Yes. RAWSHOT is built for both browser-directed shoots and REST API workflows, so you can start with manual review in the GUI and then move toward larger pipeline automation without switching products. That matters for catalog operations because the same engine, model logic, rights framing, and provenance structure can serve a single homepage launch today and a large assortment tomorrow. Teams do not need a separate enterprise edition just to reach scale.

In practice, this means you can standardise model selection, framing, style families, and output rules, then push those choices through repeatable API calls for broader assortments. The signed audit trail per asset also supports governance when many teams touch the same catalog. A strong rollout path is to approve a handful of scene templates in the browser first, then encode those patterns into your production pipeline once the visual system is locked.

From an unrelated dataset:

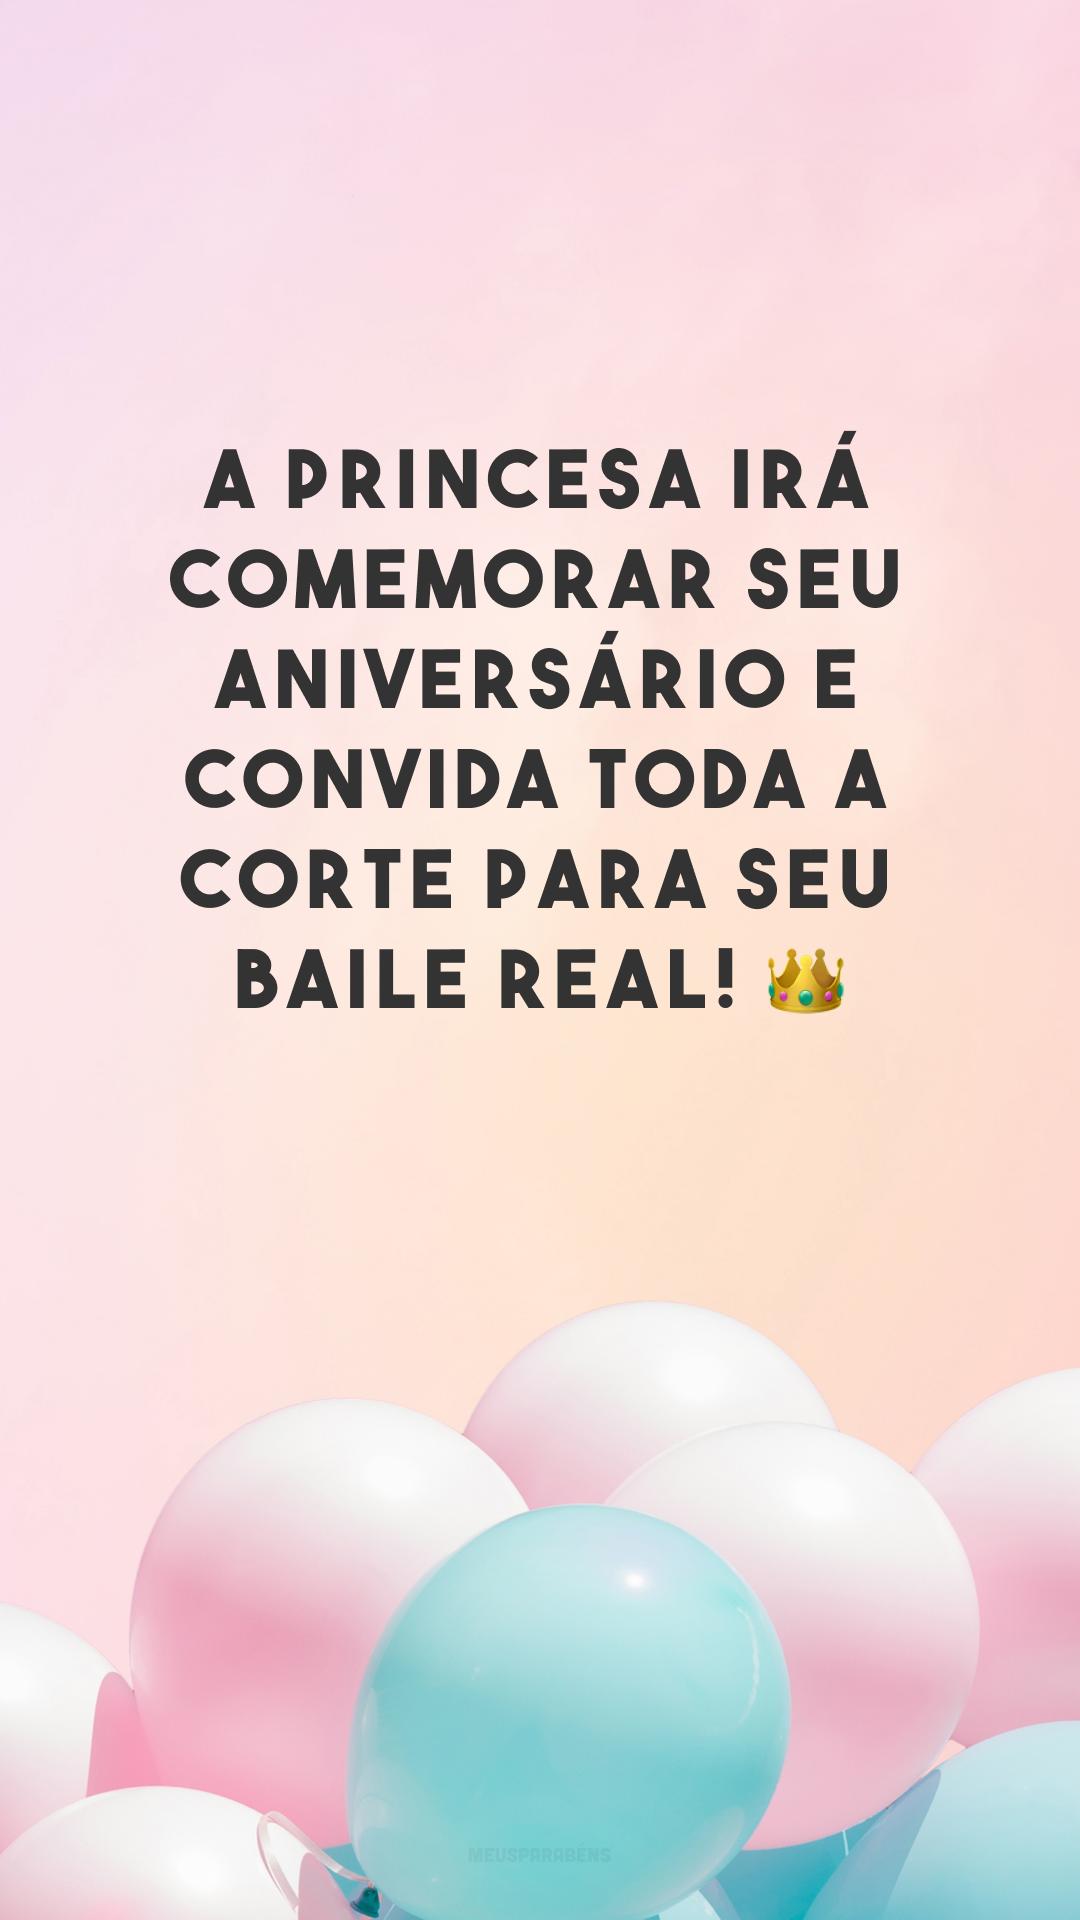 A princesa irá comemorar seu aniversário e convida toda a corte para seu baile real! 👑

How do small teams and large catalog operations use the same AI Widescreen Video Generator without losing control?

They use the same product, but at different levels of throughput. A small team might direct one widescreen launch reel in the browser, checking garment fidelity and choosing a style preset by hand. A larger catalog operation might lock the same model, framing rules, and scene logic, then run batches through the API across a broad product set. Because the controls and output rules stay aligned, the workflow scales without forcing the team to relearn the tool as volume grows.

That consistency is the real advantage. Pricing does not shift into a different core product, tokens do not expire, failed generations refund their tokens, and the rights and provenance model remain intact whether you are producing one asset or thousands. The practical lesson for teams is to define the visual system once, document the approved controls, and let RAWSHOT support both creative direction and operational scale from the same foundation.